22 jan, 2015 Onderdeel van pensées

Column door Caspar Visser ‘t Hooft

Het valt lezers van mijn boeken op dat ik vaak naar episodes uit het verleden verwijs. Inderdaad, in mijn romans en novellen verweef ik haast altijd een historisch motief. In Waldenberg is dat de Hollandse schilderkunt uit de Gouden Eeuw, in Feniksbloem de Russische revolutie, in Koningskinderen speelt de herinnering aan de kruistochten een belangrijke rol, in De ring van de keizerin het verblijf van keizerin Theophano (de vrouw van de Duitse keizer Otto II) op het Valkhof in Nijmegen. Dit komt voort uit mijn vaste overtuiging dat uit het verleden nog van alles is te putten waar we vandaag en morgen veel aan kunnen hebben. In mijn allereerste novelle, Sprekend portret, had ik op de titelpagina het volgende citaat laten plaatsen: ‘Herinner je je toekomst!’ Oude Joodse wijsheid. In het verleden zit voor ons nog een schat aan toekomst verborgen. Maar dan moet je dat verleden natuurlijk wel naar waarde schatten. Onze band met het verleden verloopt via de overlevering. Hoe kan het anders? De schat die het verleden bevat moet daarom door de overlevering worden aangereikt. Maar welke overlevering? Hier moeten we voorzichtig zijn. Een ding is zeker, wanneer we te makkelijk toegeven aan derde-rangs historici en andere half wits voor wie er geen hogere wijsheid denkbaar is dan alle overlevering per definitie met de grootste argwaan te benaderen en door deconstructie tot in de kleinste deeltjes kapot te analyseren, verraden we het verleden. En het verleden zal zich dan wreken door ons helemaal niets meer te zeggen. En wij verliezen een dimensie, we worden eendimensionale wezens die in een eeuwig heden leven en daarom niets anders kunnen dan dit heden te aanvaarden zoals het ‘nu eenmaal’ is en schaapachtig te knikken wanneer iemand als Margaret Thatcher, spreekbuis van het extreme liberalisme, orakelt : ‘There is no alternative’.

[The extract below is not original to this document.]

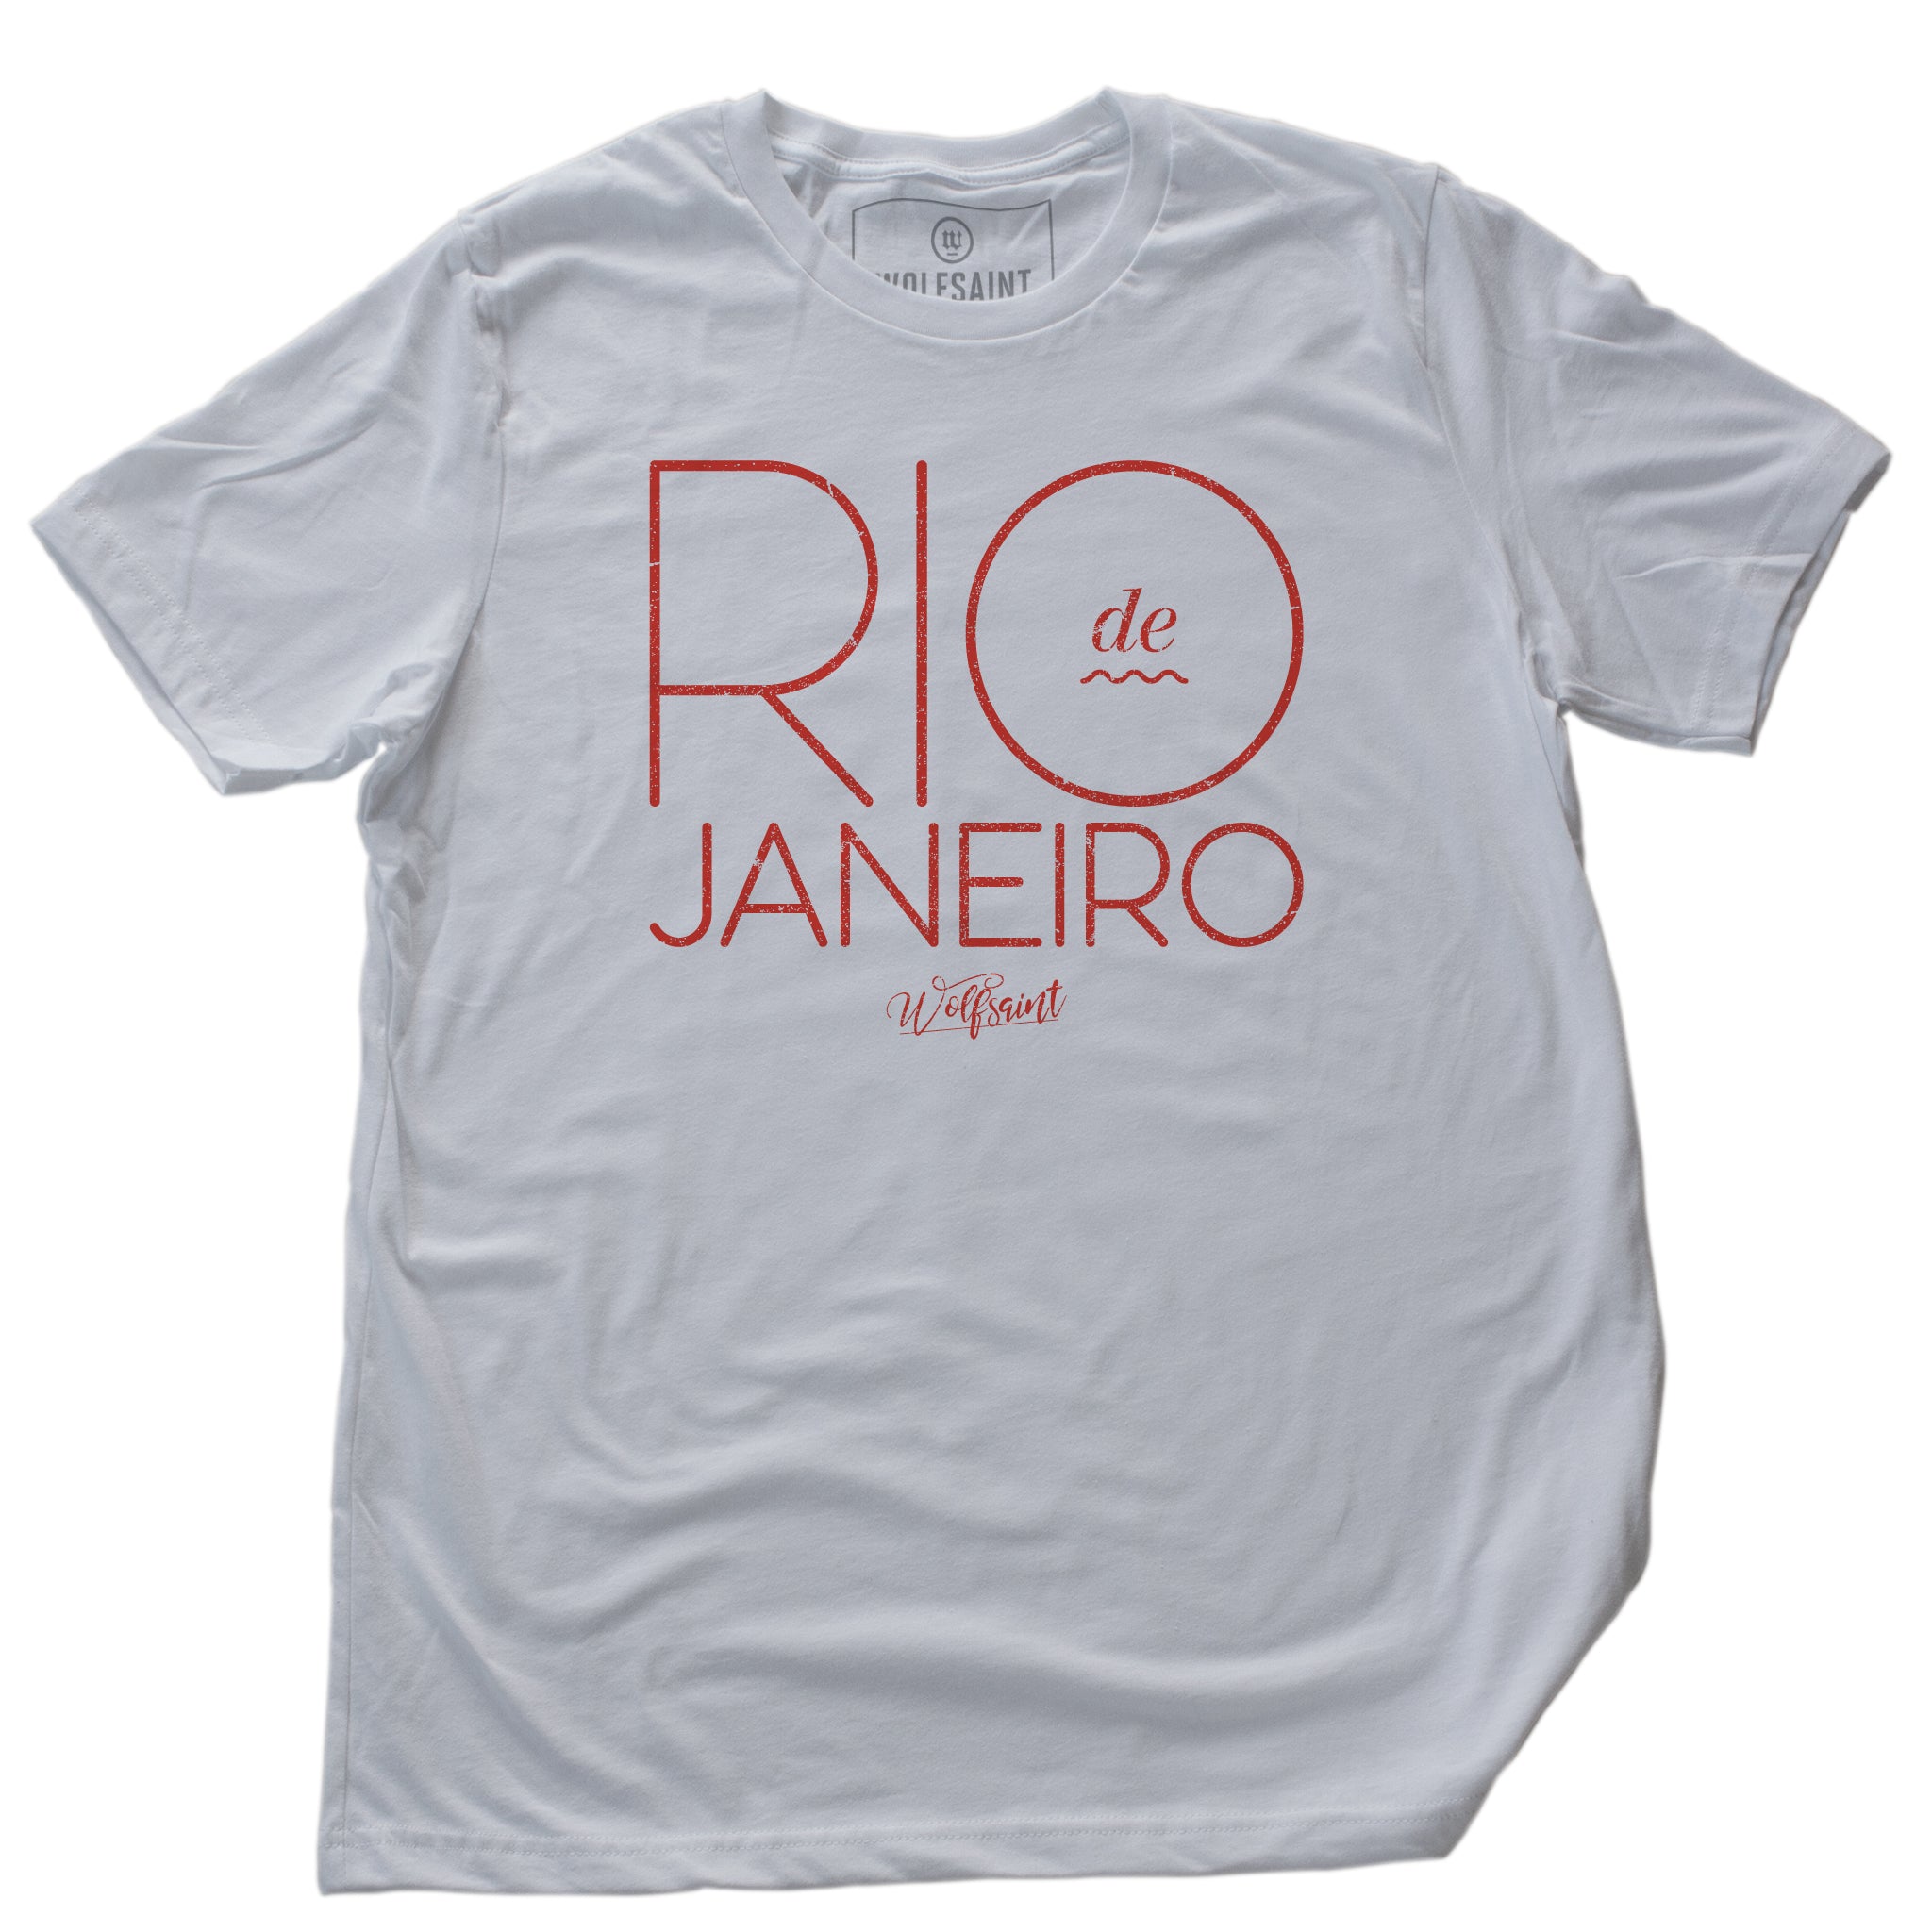 An elegant, retro design fashion t-shirt with RIO DE JANEIRO in large orange typography in a thin font on White cotton. The Wolfsaint script logo is below. From Wolfsaint.net 
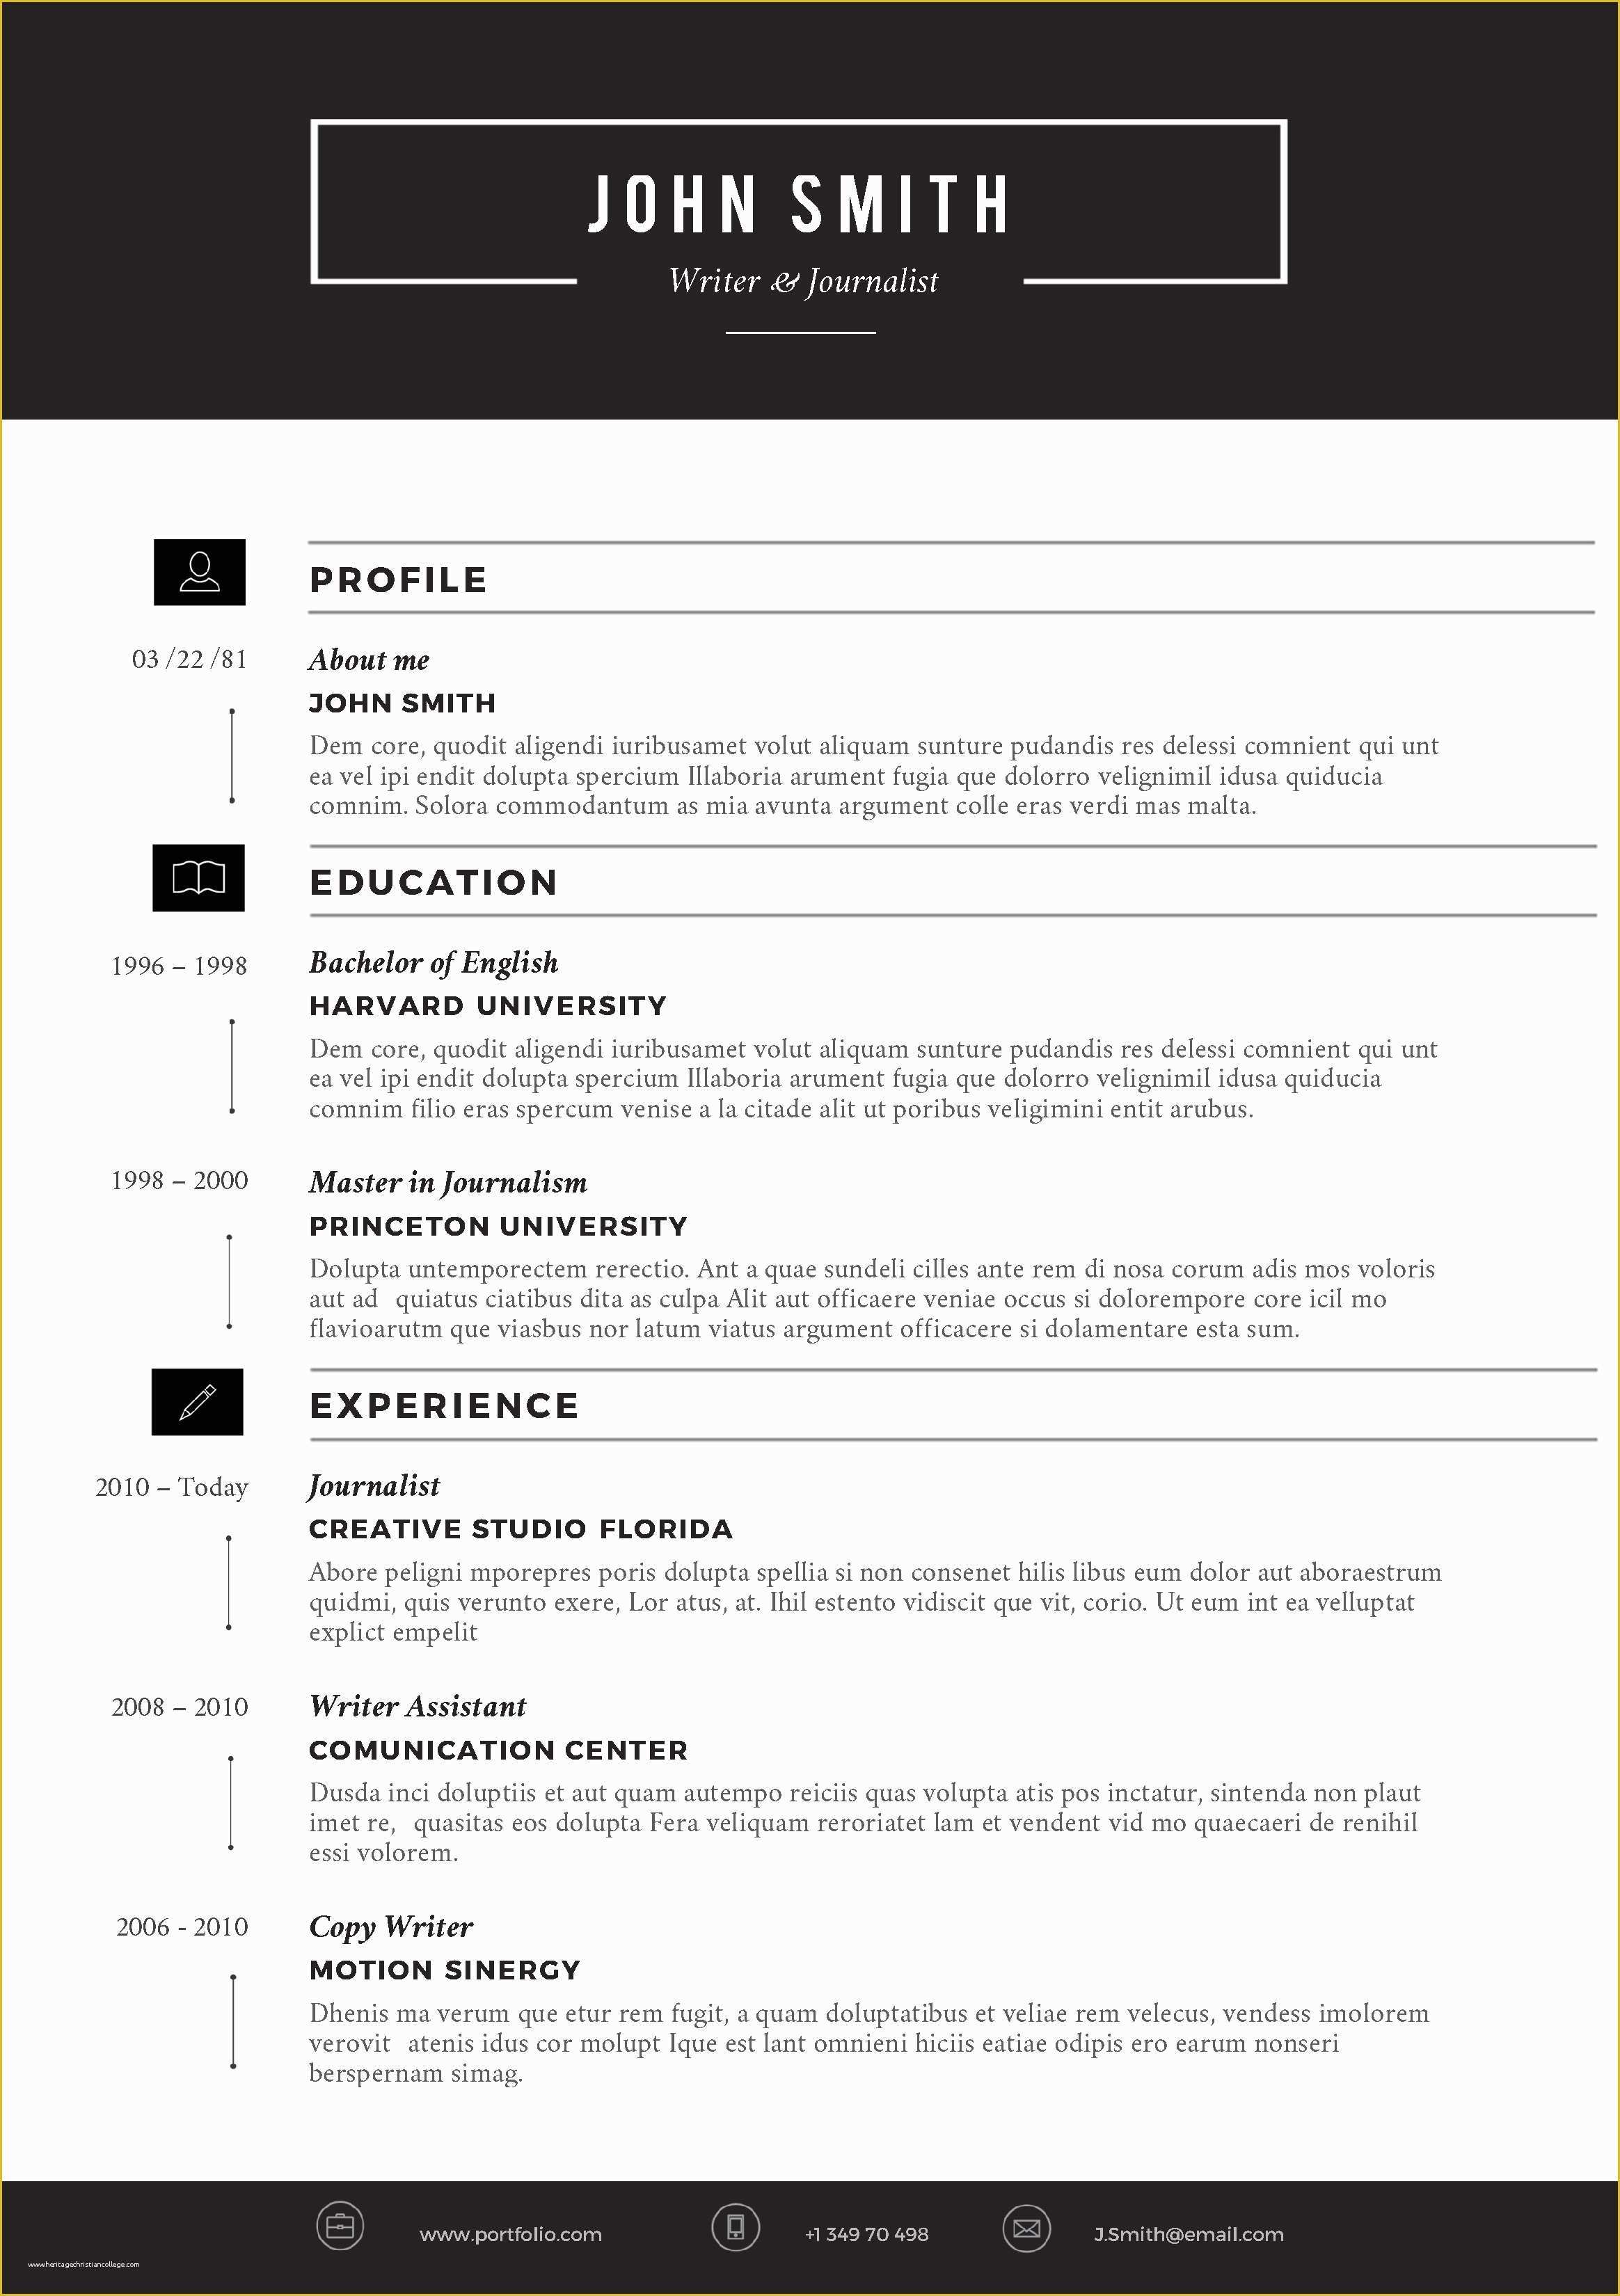 Creative Resume Templates Free Download Word Of Creative Resume Template by Cvfolio Resumes

Politiek-correct geraaskal en extreem liberalisme

Overlevering is vervorming van het verleden omdat het de belangen dient van hen die aan de touwtjes trekken. Overlevering is daarom per definitie georienteerd, het strekt tot rechtvaardiging van de positie van de elites. Goed, deze marxistische stelling kent zo langzamerhand iedereen, en we hebben er beslist rekening mee te houden. Maar wanneer we de stelling te rigoureus doortrekken komen we bij een uiterste consequentie terecht die ook voor Marx een gruwel zou zijn geweest. O paradox! Wat doen derde-rangs historici en benepen ideologen? Onder de druk van allerlei zich-zielig-vindende minderheden gaan ze, als gezegd, de overlevering, de geschiedschrijving, deconstrueren, om dan aan te kunnen tonen hoe bevooroordeeld deze overlering, geschiedschrijving was. Alles wat onze Gouden Eeuw heeft voortgebracht is fout, want het rustte op een welvaart die voor een deel te danken was aan de slavenhandel. Ik overdrijf, maar helaas niet al te zeer. Wat is deconstrueren? Dat is een constructie afbreken door alle deeltjes ervan los te peuteren en naast elkaar op een tafelblad te leggen. Overlevering is een constructie omdat het op grond van interpretaties feiten op een bepaalde manier met elkaar verbindt, het gaat er dus om het verleden van deze interpretaties te ontdoen en zo tot een tot allegaartje van losse brokstukjes te herleiden – brokstukjes die we harde feiten noemen. Ja, maar als dan alles aan stukken ligt – de overlevering, het verleden – dan ligt ook de gemeenschap aan stukken. Waarom? Omdat de overlevering gemeenschap schept. Gemeenschap is gebaseerd op gedeelde kennis en assimilatie van overlevering. Deconstructie van de overlevering is deconstructie van gemeenschap, mensen worden losse atomen. En hoe kunnen losse atomen zich verzetten wanneer niet de beloofde egalitaire samenleving als vanzelf (dat was de hypothese) uit de ruines van het plat geanalyseerde verleden oprijst, maar in de plaats daarvan een ideologisch project dat de hele werkelijkheid aan het mechanisme van de vrije markt en de concurrentie wil onderwerpen? En ongecontroleerde concurrentie maakt op den duur alles kapot, is oorlog. Losse atomen zullen zich niet verenigen, hun krachten bundelen, want dat is nodig bij verzet. Op grond waarvan zouden ze dat kunnen doen? Er is niets meer wat ze verbindt, geen overlevering, geen tradities – ieder voor zich. Nihilisme triomfeert…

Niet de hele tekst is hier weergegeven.